Section 7. At least thirty days prior to the Annual Business Meeting, the Board of Directors shall
appoint an Auditing Committee of not less than three nor more than five persons to
make an audit of the receipts and disbursements of money by the Society for the
preceding year. No member of the Board of Directors shall be eligible for appointment
to the Auditing Committee. The Auditing Committee so appointed shall make a report
which shall be read to the membership at the Annual Business Meeting and shall be filed
as part of the permanent records of the Society.
Section 8. There shall be three Standing Committees known as the Entertainment Committee, the
Membership Committee and the Sponsorship Committee. Duties and responsibilities of
these committees shall be as determined by the Board of Directors.

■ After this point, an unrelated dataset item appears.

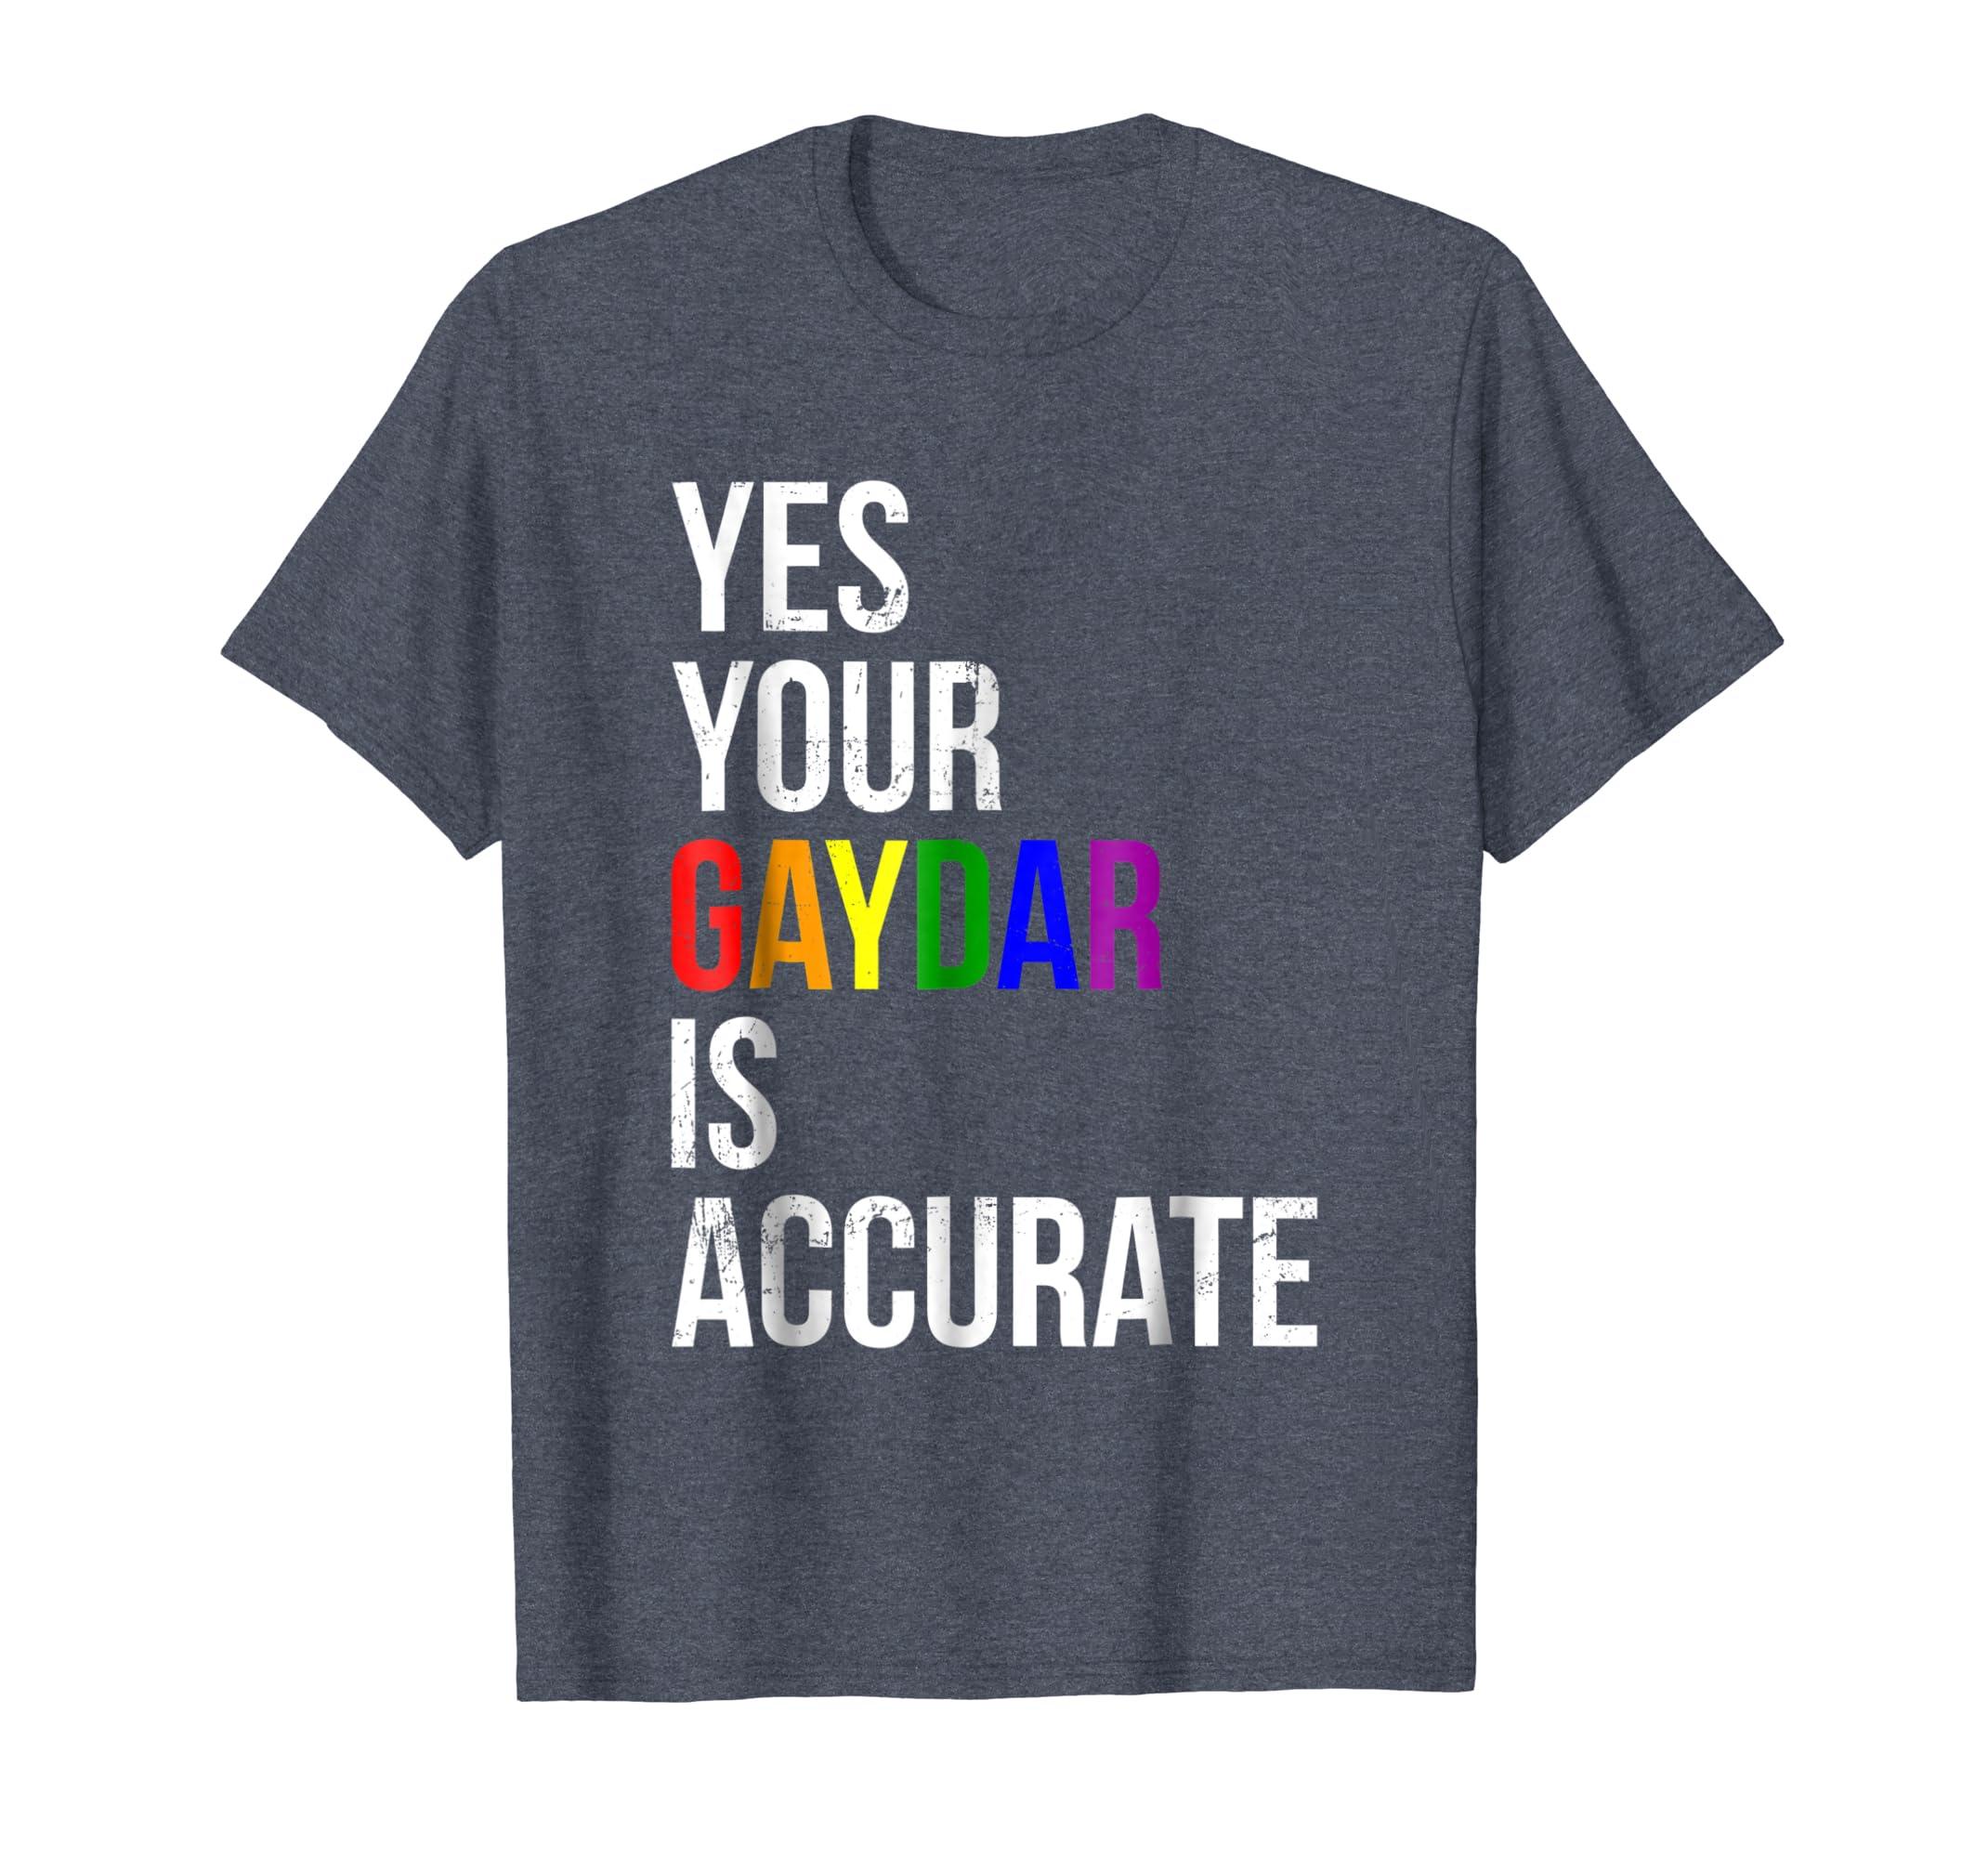 Gaydar online
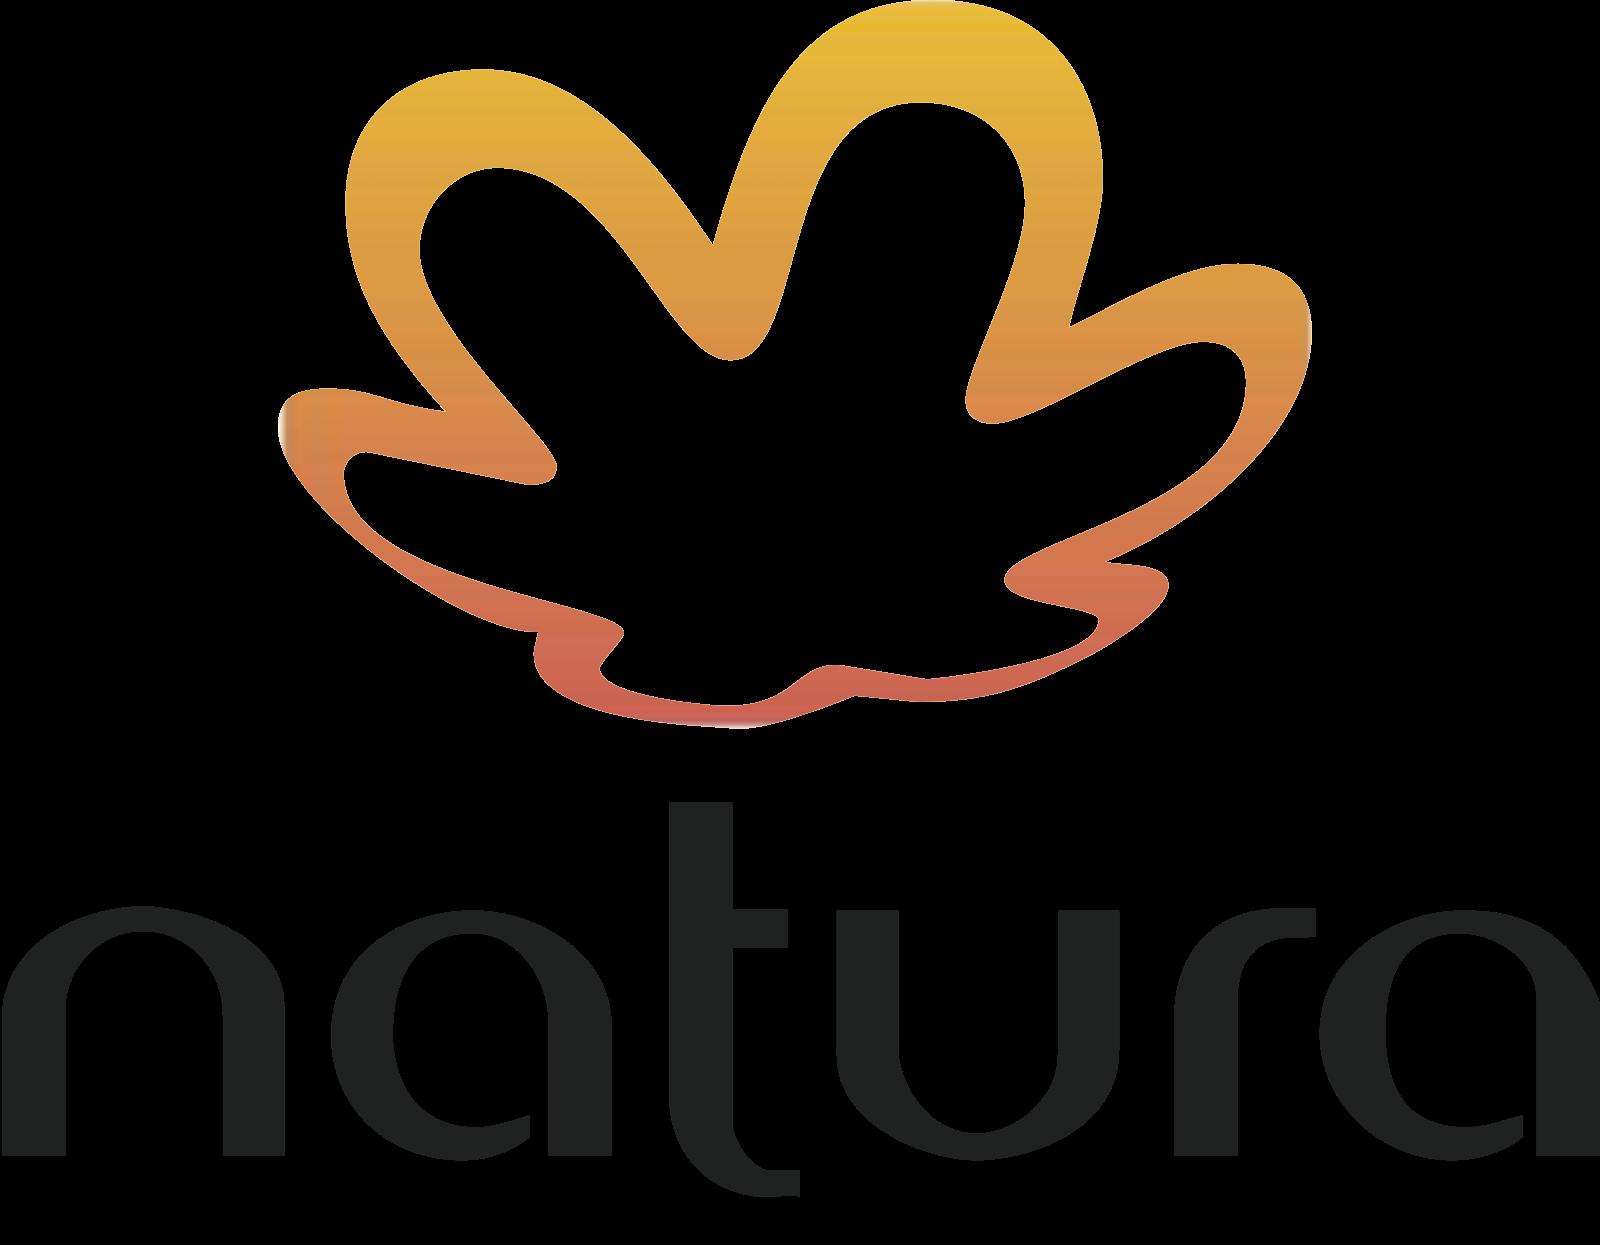 natura-logo-5

ARTICLE VI – EXECUTIVE SECRETARY
The Executive Secretary shall serve at the pleasure of the Board of Directors. Annually, the President
shall nominate and the Board of Directors shall, by majority vote, approve hiring and dismissal, set
remuneration and shall determine the duties, powers and responsibilities of the Executive Sectary.
ARTICLE VII – BOARD OF DIRECTORS
Section 1. The Board of Directors shall hold meetings as needed to conduct the business of the
Section 2. Special meetings of the Board of Directors shall be held at the call of the President or
upon written request of three members, due notice having been given.
ARTICLE VIII – FINANCES
Section 1. The Society shall be supported by Annual Dues and proceeds from social affairs.
Section 2. No committee or part of the Society may undertake any financial responsibility except
as authorized by the Board of Directors.
Section 3. Only such funds as pass through the hands of the Treasurer shall be included in the
annual financial report of the Society.
Section 4. An annual operating budget shall be presented at each Annual Business Meeting, for the
ensuing fiscal year. The Society’s fiscal year shall be May 1st through April 30th
ARTICLE IX – QUORUMS
Section 1. Seven members of the Board of Directors shall constitute a quorum for a Board of
Section 2. Twenty-five active members shall constitute a quorum for a meeting of the Society.
ARTICLE X – INDEMNIFICATION
Any member of the Board of Directors of the Society who is involved in litigation, by reason of his or
her position as a member of the Board of Directors, shall be indemnified and held harmless by the
Society to the fullest extent authorized by law as it now exists or may subsequently be amended (but in
the case of any such amendment, only to the extent that such amendment permits the Society to provide
broader indemnification rights.) The Society will also pay to defend any member of the Board of
Directors who is involved in litigation by reason of his or her position as a member of the Board of
Directors and will maintain Directors and Officers insurance to pay these expenses.